Assisted reproductive technology (ART) involves a significant physical, financial and emotional commitment on the part of a couple. Psychological stress and emotional problems are common, especially if in vitro fertilization (IVF) is unsuccessful. As with most medical procedures, there are potential risks like:

  • Multiples pregnancies including the increased risk of premature delivery and low birth weight.
  • Rates of miscarriage are similar to unassisted conception but the risk does increase with maternal age.
  • Ovarian hyper-stimulation syndrome (OHSS)
  • Egg retrieval carries risks of bleeding, infection, and damage to the bowel or bladder.
  • ectopic pregnancy
  • Nausea or vomiting
  • Decreased urinary frequency
  • Shortness of breath
  • Faintness
  • Severe stomach pains and bloating

IVF was traditionally used to help both men and women address infertility issues. Women with missing, damaged, or blocked fallopian tubes were some of the first patients to carry successful IVFs.

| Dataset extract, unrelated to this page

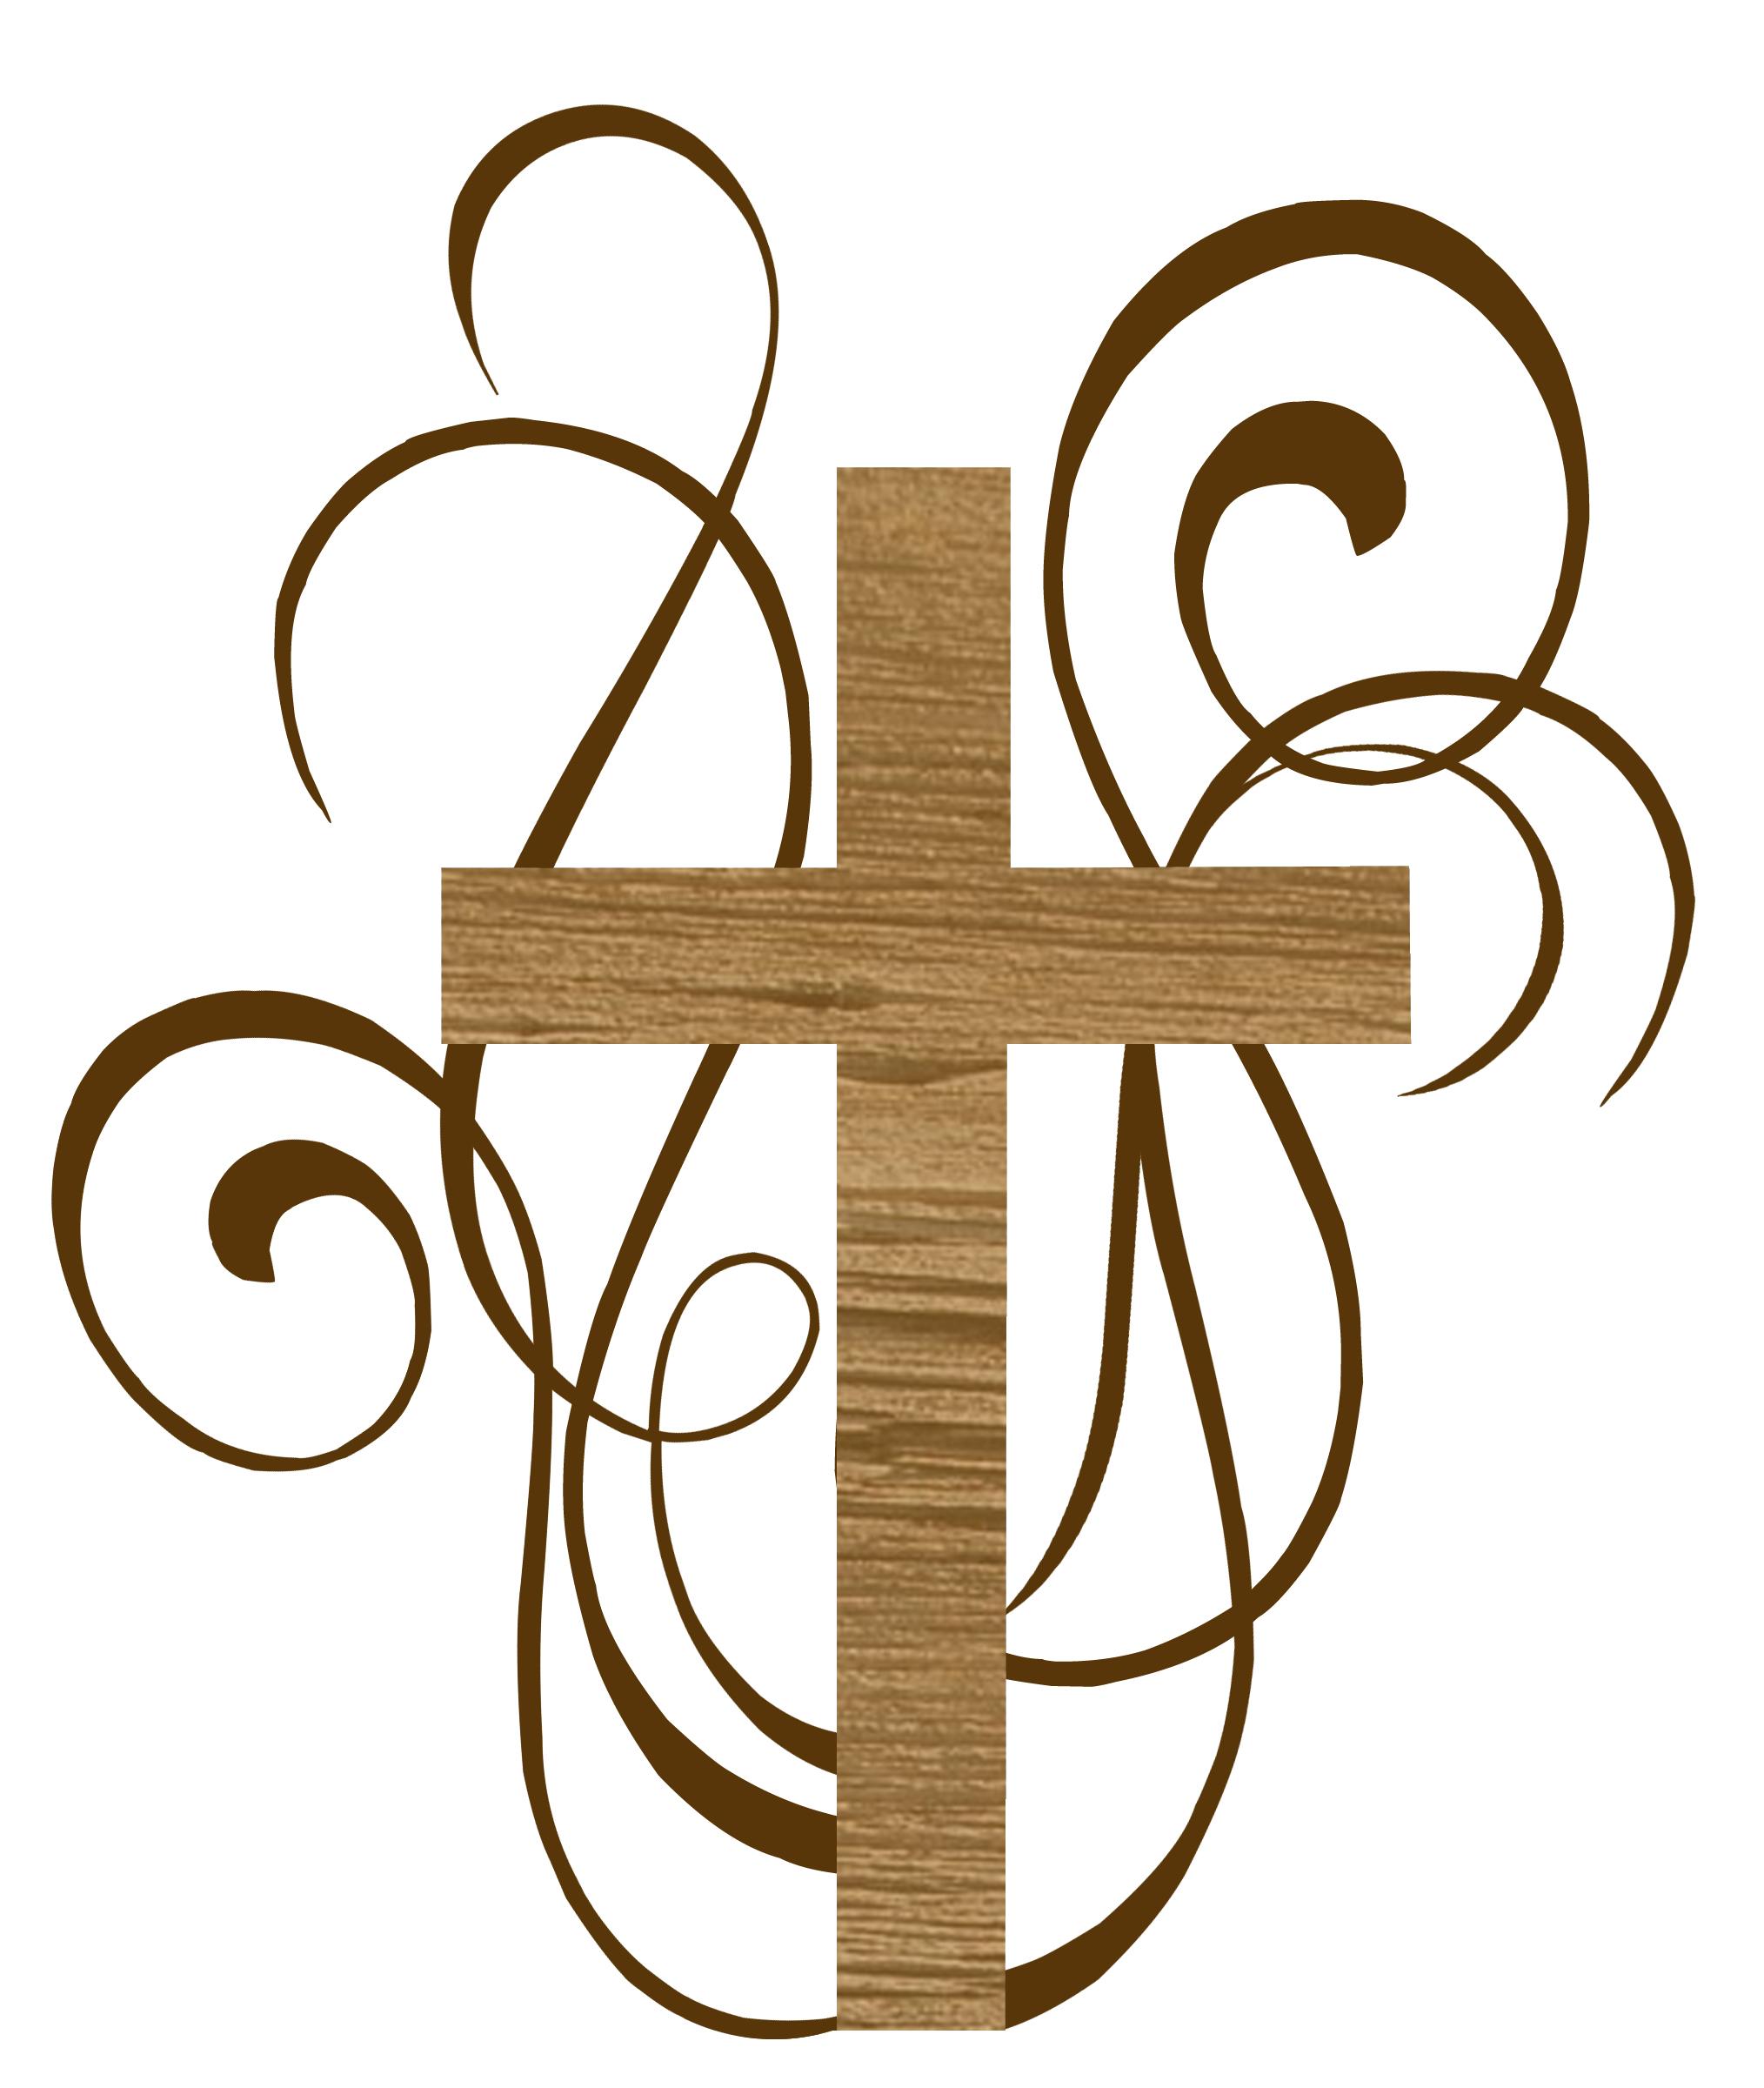 Catholic church symbols free download best catholic church 2028x2400 symbol clipart baptism biocorpaavc
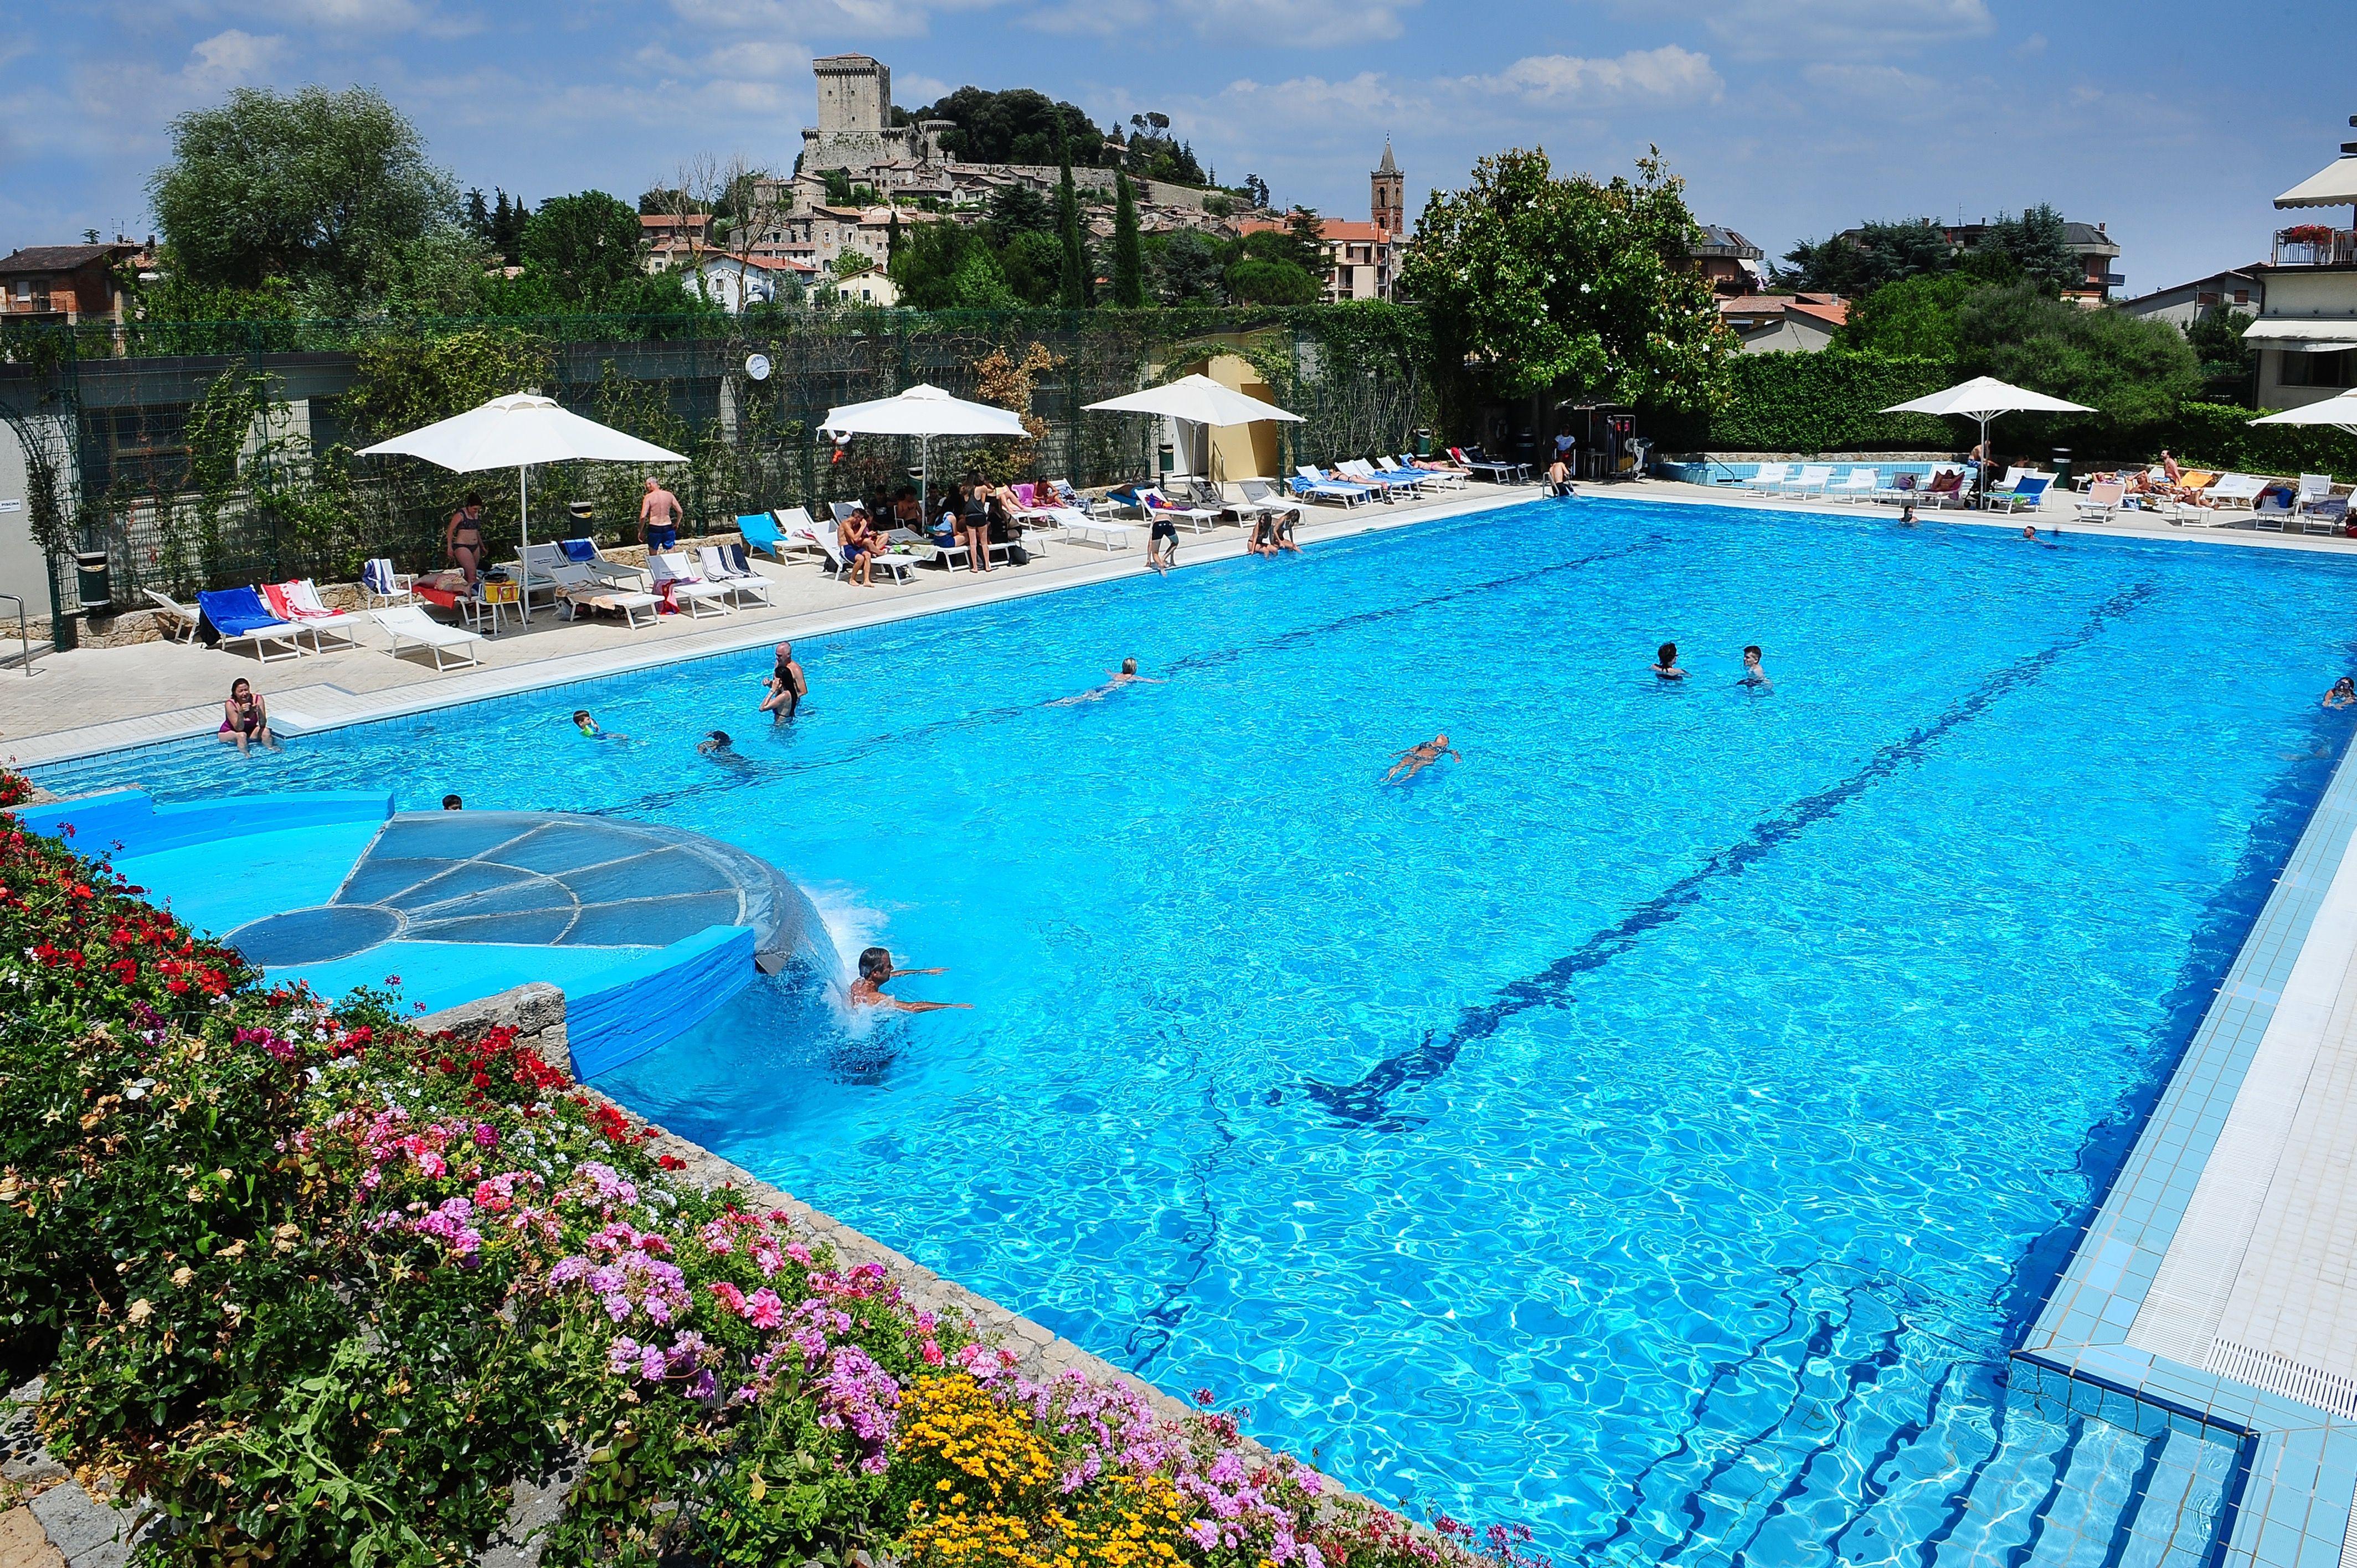 Campeggio parco delle piscine toscana camping sarteano - Piscine in toscana ...

The egg is fertilized outside the female body and then placed inside the uterus for a more likely implantation.

Female Infertility tests:

  • General physical exam and medical history
  • Blood test - hormone levels and progesterone test
  • USG - Pelvic ultrasound - uterus, fallopian tubes, and ovaries.
  • HSG - Hysterosalpingography - to check uterus and the fallopian tubes
  • Laparoscopy - Check fallopian tubes, uterus and ovaries and endometriosis, scarring, blockages and any irregularities of the uterus and fallopian tubes.
  • Ovarian reserve testing to find out how effective the eggs are after ovulation.
  • Genetic testing  to find out whether its because of genetic abnormality
  • Chlamydia test
  • Thyroid function test
  • Tubal Patency 

Infertility tests for men                               

  • General physical exam and medical history
  • Semen analysis 
  • Blood test - testosterone and other male hormones.
  • Ultrasound test - ejaculatory duct obstruction, retrograde ejaculation
  • Chlamydia test 

There are several ways uterine fibroids can reduce fertility. Changes in the shape of the cervix and uterus can affect the number of sperm that can enter the uterus.

Based on the couple’s test results and other factors, infertility may be treated with:

  • Medicine
  • Surgery
  • Artificial insemination IUI
  • Assisted Reproductive Technology (ART)
    • In vitro fertilization
    • Zygote transfer
    • Gamete transfer
    • ICSI - Intracytoplasmic Sperm Injection.